Он прикрыл глаза, почти не слушая, представляя, как под таким-то градом стояли бы Пушкин или Вяземский. В том-то и шутка: града бы не было... Было бы что-то другое — молния?
Так он подумал и через несколько дней умер на своём диване... Оскорблённый в своём достоинстве, честнейший человек, не заговорщик, не тираноборец — друг Пушкина.
Однако всё это случится не сегодня, не завтра — через два месяца, в январе следующего года. Пока же они пьют чай и, перестав ругать Булгарина и вспоминать Бенкендорфа, говорят о Пушкине. О его предстоящей женитьбе, о том, что он, наверное, уже вернулся в Москву.
...От Пушкина за это время было одно письмо от 4 ноября из Болдина: «Посылаю тебе, барон, вассальскую мою подать, именуемую цветочною по той причине, что платится она в ноябре, в самую пору цветов <...>. Я, душа моя, написал пропасть полемических статей, но, не получая журналов, отстал от века и не знаю, в чём дело — и кого надлежит душить, Полевого или Булгарина...»
Письмо было весёлое, Пушкин балагурил, не зная, что пишет к другу в последний раз.
Начинался декабрь 1830 года. До свадьбы всё ещё было далеко.
Пушкин сидел в штофной угловой гостиной и ждал Наталью Ивановну. Она, приглашая его к себе в московский дом на Никитской для каких-то последних решений, для советов и бесконечных разговоров, имела дурную привычку выходить не сразу.
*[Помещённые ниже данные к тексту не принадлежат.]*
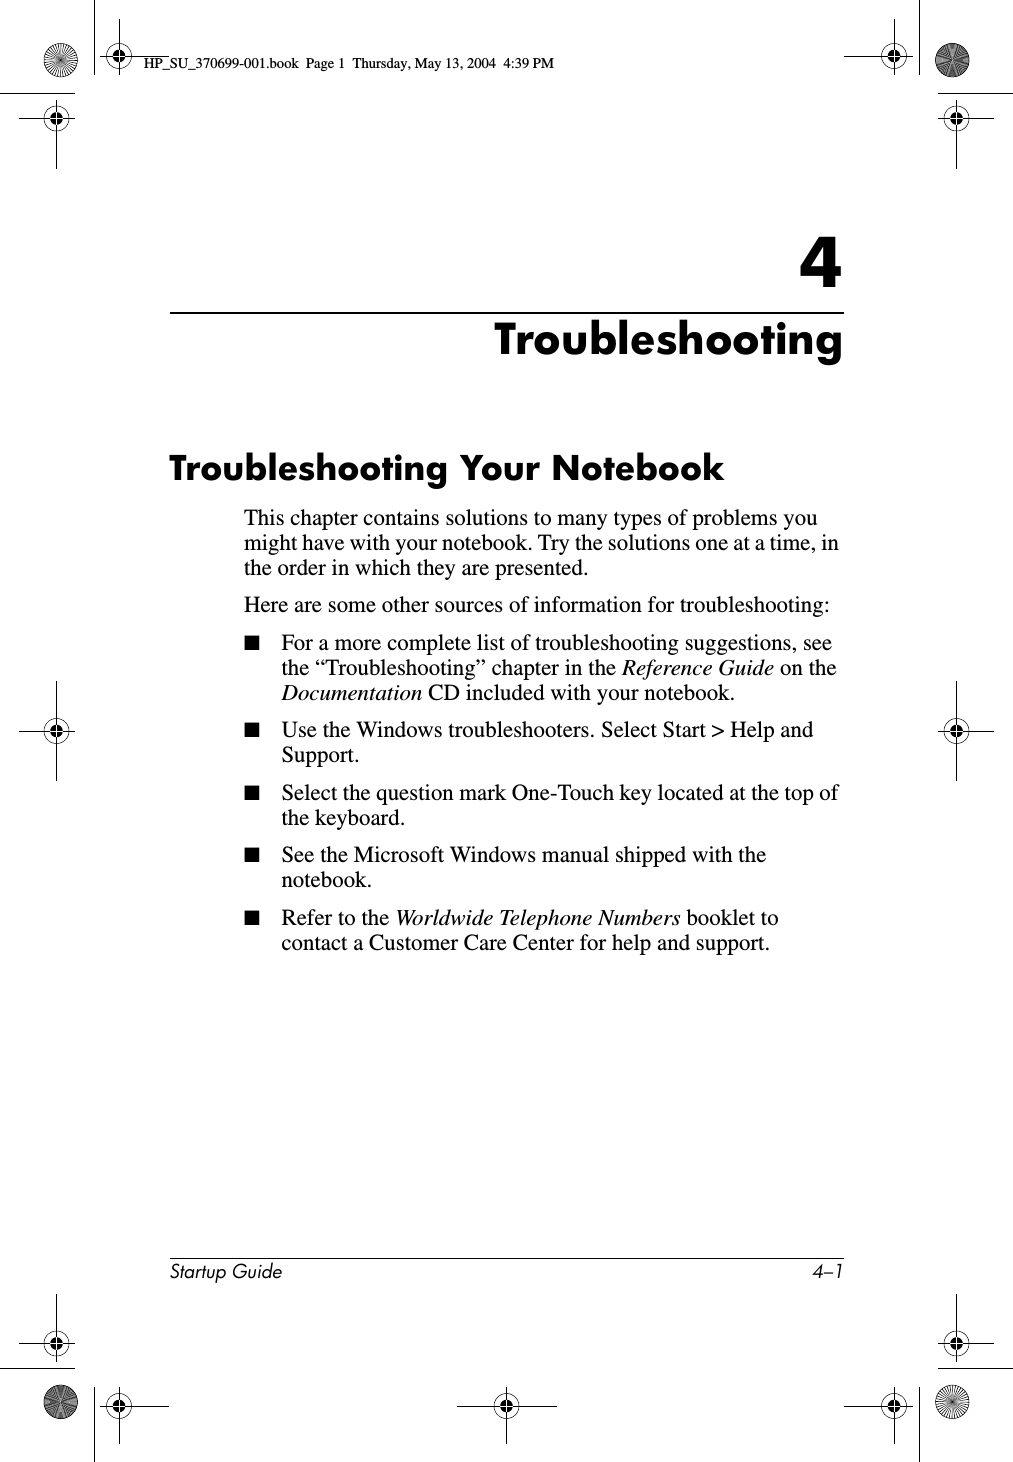 Startup Guide 4–14TroubleshootingTroubleshooting Your NotebookThis chapter contains solutions to many types of problems you might have with your notebook. Try the solutions one at a time, in the order in which they are presented.Here are some other sources of information for troubleshooting:■For a more complete list of troubleshooting suggestions, see the “Troubleshooting” chapter in the Reference Guide on the Documentation CD included with your notebook.■Use the Windows troubleshooters. Select Start &gt; Help and Support.■Select the question mark One-Touch key located at the top of the keyboard.■See the Microsoft Windows manual shipped with the notebook.■Refer to the Worldwide Telephone Numbers booklet to contact a Customer Care Center for help and support.HP_SU_370699-001.book  Page 1  Thursday, May 13, 2004  4:39 PM

У неё было много дурных привычек. Но в том состоянии, в каком он находился сейчас, приходилось сносить всё. Он сидел, угадывая звуки дальних комнат, не поэт, не своенравный юноша — совсем нет. Скорее удручённый заботами немолодой человек.
Обои расползались длинными продольными ленточками, кое-где уже и от стен отклеиваясь. Рисунок на них был самый непритязательный: меж матовых и атласно блестевших полосок цветы шиповника. Белый столик, стоявший перед ним, был облуплен, и мелкая сетка трещин прошлась по потолку. Стояла тишина, будто -никто к нему и не собирался выходить. В соседней комнате сама по себе горела изразцовая печь, слуг тоже не было ни слышно, ни видно.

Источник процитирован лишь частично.